Réaction du frère A.S.:

Bismi Allah Al Rahman Al Rahim

Assalam ‘aleikoum

Baraka Allahou fik. J’aimerai préciser que l’avis de la majorité des savants est contraire à celui de Abou Hanifa sur la question (voir « Fath Al Bâri » de ‘Asqualani). L’avis de la plupart des « fouqahas » (juristes) est conforme au Hadith qui stipule: « Aucun mariage n’est conclu sans la présence d’un tuteur représentant la femme. »
Rappellons que personne n’est « ma’soûm » (infallible) à l’exception de Prophète (SAW). L’Imam Malik a dit:
« De tout le monde il y a prendre et à laisser sauf de l’habitant de cette tombe et il a désigné la tombe de notre Propète (SAW). »
Les quatre Imams étaient tous d’accords pour dire que « lorsque vous trouvez un hadith qui contredit nos dires, plaquez nos paroles contre le mur ». Force est de constater que Abou Hanifa c’est trompé sur cette question. (…)
L’Imam Abou Hanifa était un grand savant, cependant il n’a pu avoir connaissance de tous les hadiths, et à fait donc beaucoup d' »Idjtihâd » (effort de raisonnement personnel). Rappelons que, de son époque (il est mort en 150 de l’hégire), les compilations de hadiths tels que le Sahih Boukhari, Sahih Mouslim, Sounan Abi Dâoud … n’avaient pas encore été réalisées. En effet, Boukhari est mort en 256 de l’hégire, Mouslim en 261, Abou Daoud en 275.

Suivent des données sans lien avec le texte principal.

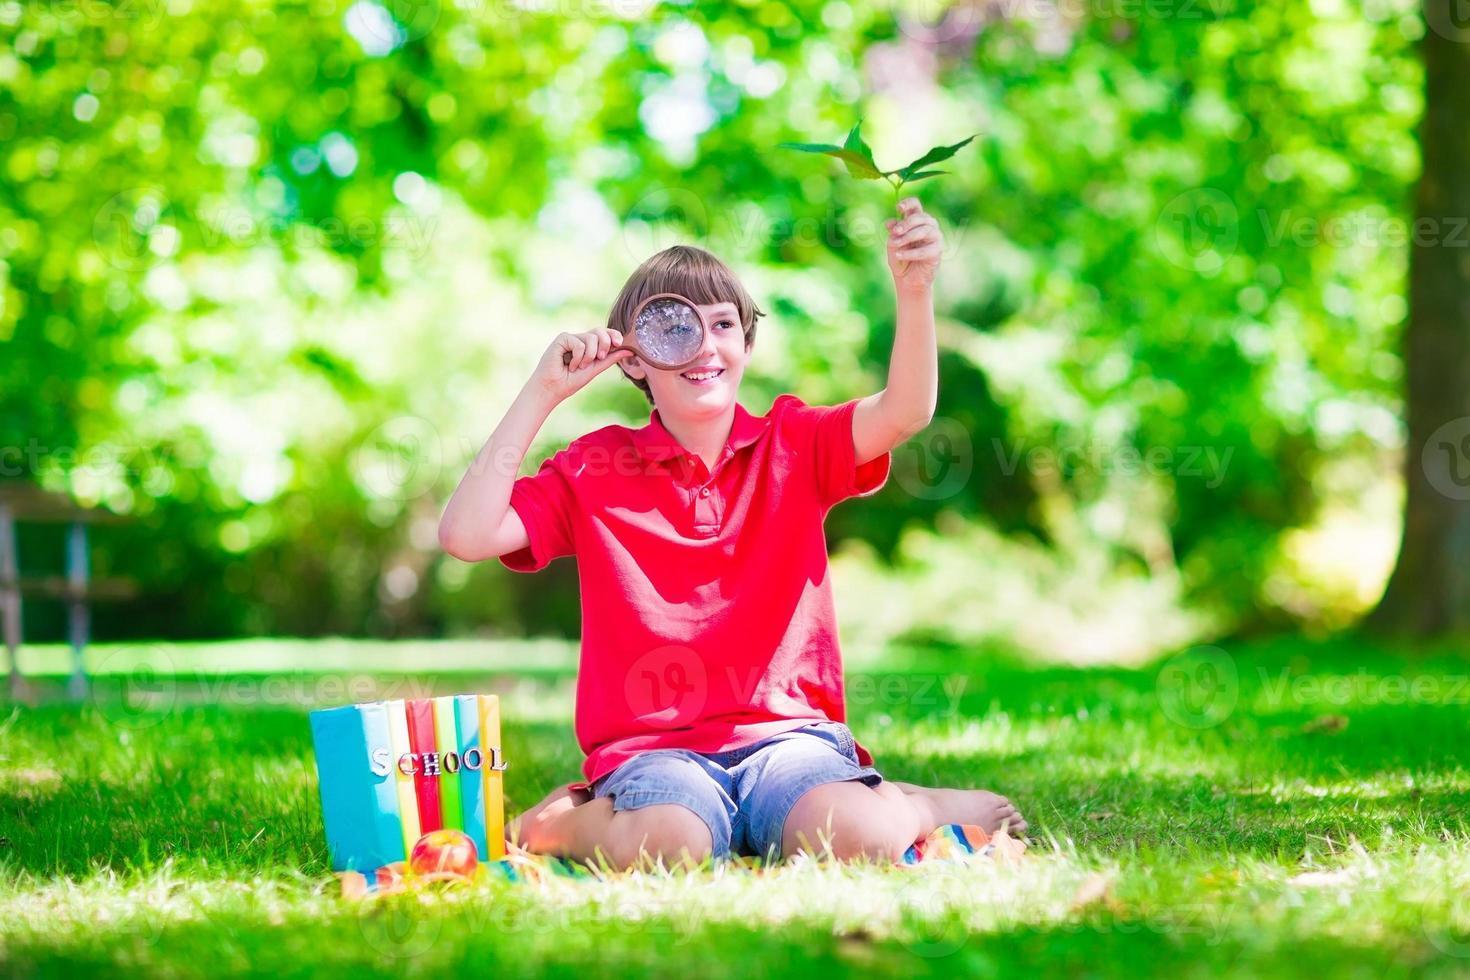 bambino nel cortile della scuola foto
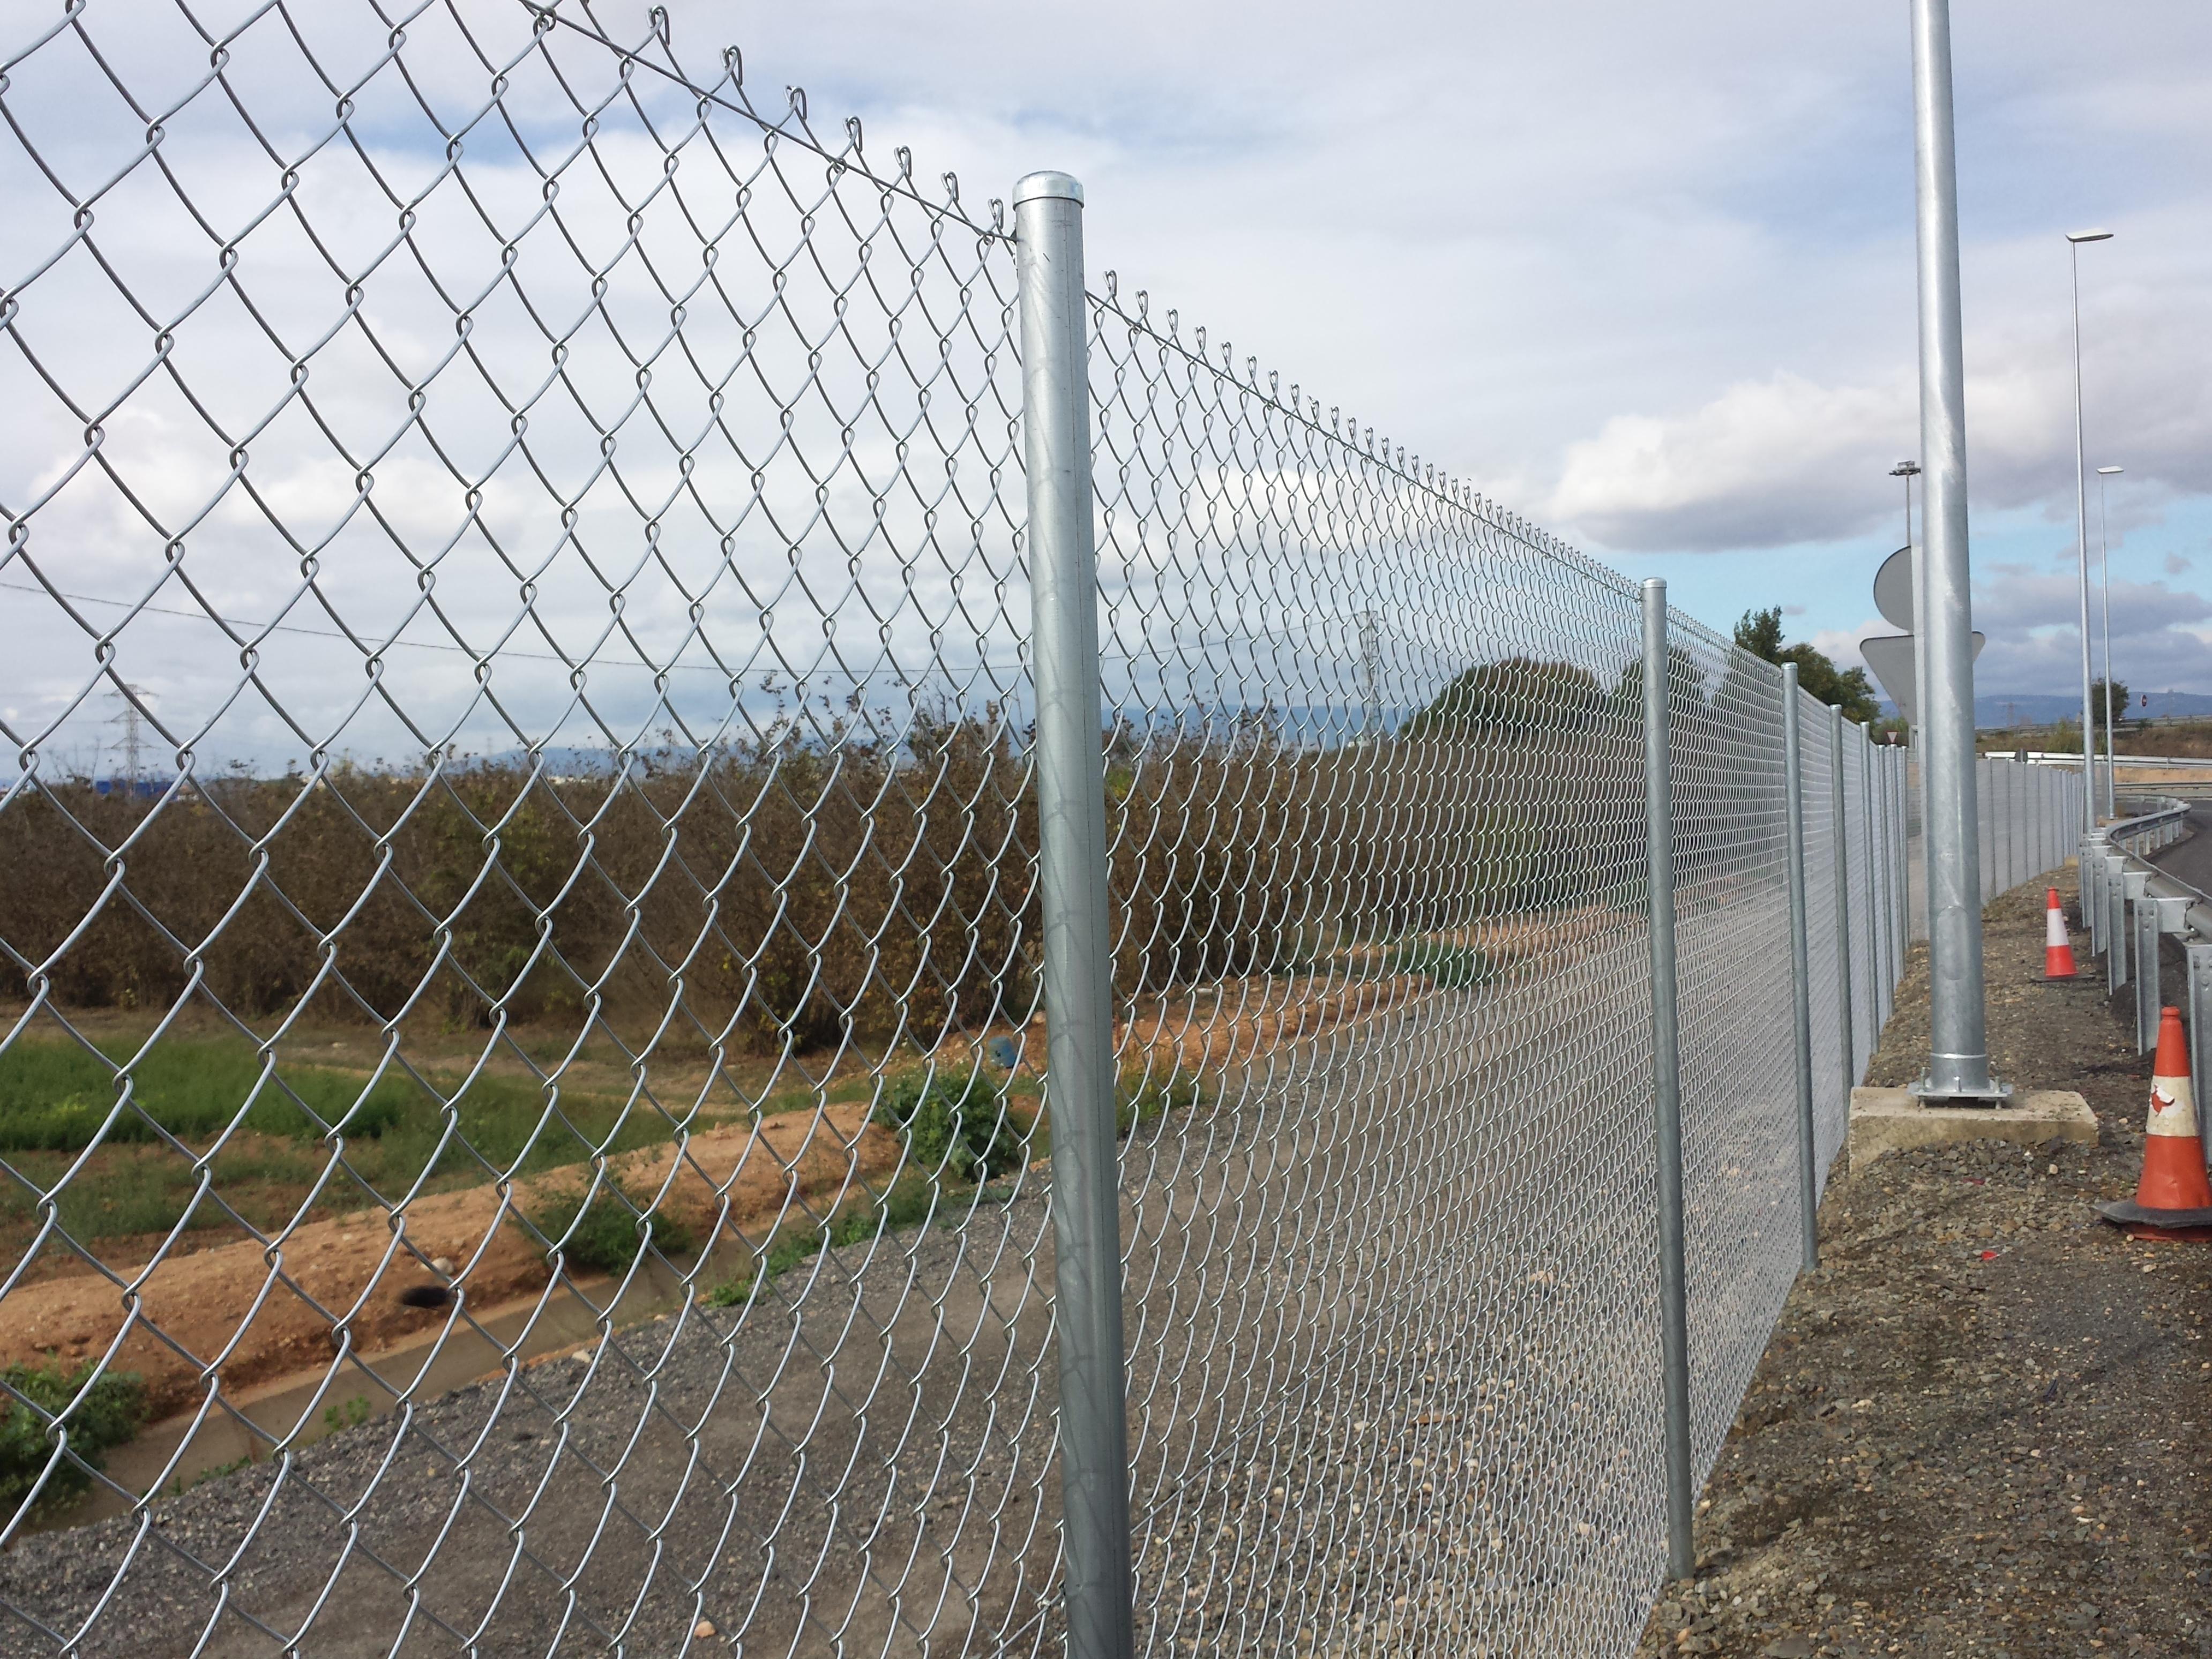 Montaje valla vallados cercados fincas malla anudada cinegetica ganadera - Precio vallar terreno ...

Qu’Allah le récompense pour tout ce qu’il a apporté à notre belle religion (…)

Allahou a’lam.

Baraka Allahou fikoum


Réponse de P.M.:

Assalâmoualaykoum wa rahmatoullâhi wa barakâtouh

Cher frère A.S.,

Je n’irai pas jusqu’à dire qu’Abou Hanîfah r.a. s’est trompé sur ce point. Je ne me vois en effet aucune autorité pour porter un jugement sur l’exactitude ou non du « Idjtihâd » de ce Imâm. S’il est vrai qu’Ibné Hadjar r.a. a cité les arguments contre Abou Hanîfah r.a. sur ce point dans son « Fath oul Bâriy », il n’en reste pas moins qu’il y a d’autres ouvrages (tels que « Oumdat oul Qâri' » de Allâma Aïni r.a., « I’lâ ous Sounan », « Dars Tirmidhi »…) qui présentent les éléments du Qour’aane et de la Sounnah sur lesquels est basée l’argumentation de Aboû Hanîfah r.a. On ne peut donc affirmer que son avis va à l’encontre de la parole d’Allah ou celle du Prophète Mouhammad (sallâllâhou alayhi wa sallam), à partir du moment où il trouve sa raison d’être dans ces mêmes sources.

Par ailleurs, s’il est vrai qu’Abou Hanîfah r.a. n’avait pas accès à l’ensemble des Hadiths, n’oublions pas non plus qu’ayant vécu bien avant les célèbres compilateurs des Hadiths, comme vous l’avez vous même évoqué (ne retrouve-t-on pas parmi les « Chouyoûkh » de l’Imâm Boukhâri r.a. Abdoullâh Ibné Moubârack r.a. , qui était l’élève de Abou Hanîfah r.a ?…), et étant même , selon certaines sources, un Tâbéi r.a., il est évident que les intermédiaires le séparant du Prophète Mouhammad (sallâllâhou alayhi wa sallam) étaient beaucoup moins nombreux par rapport aux savants qui ont vécu après lui.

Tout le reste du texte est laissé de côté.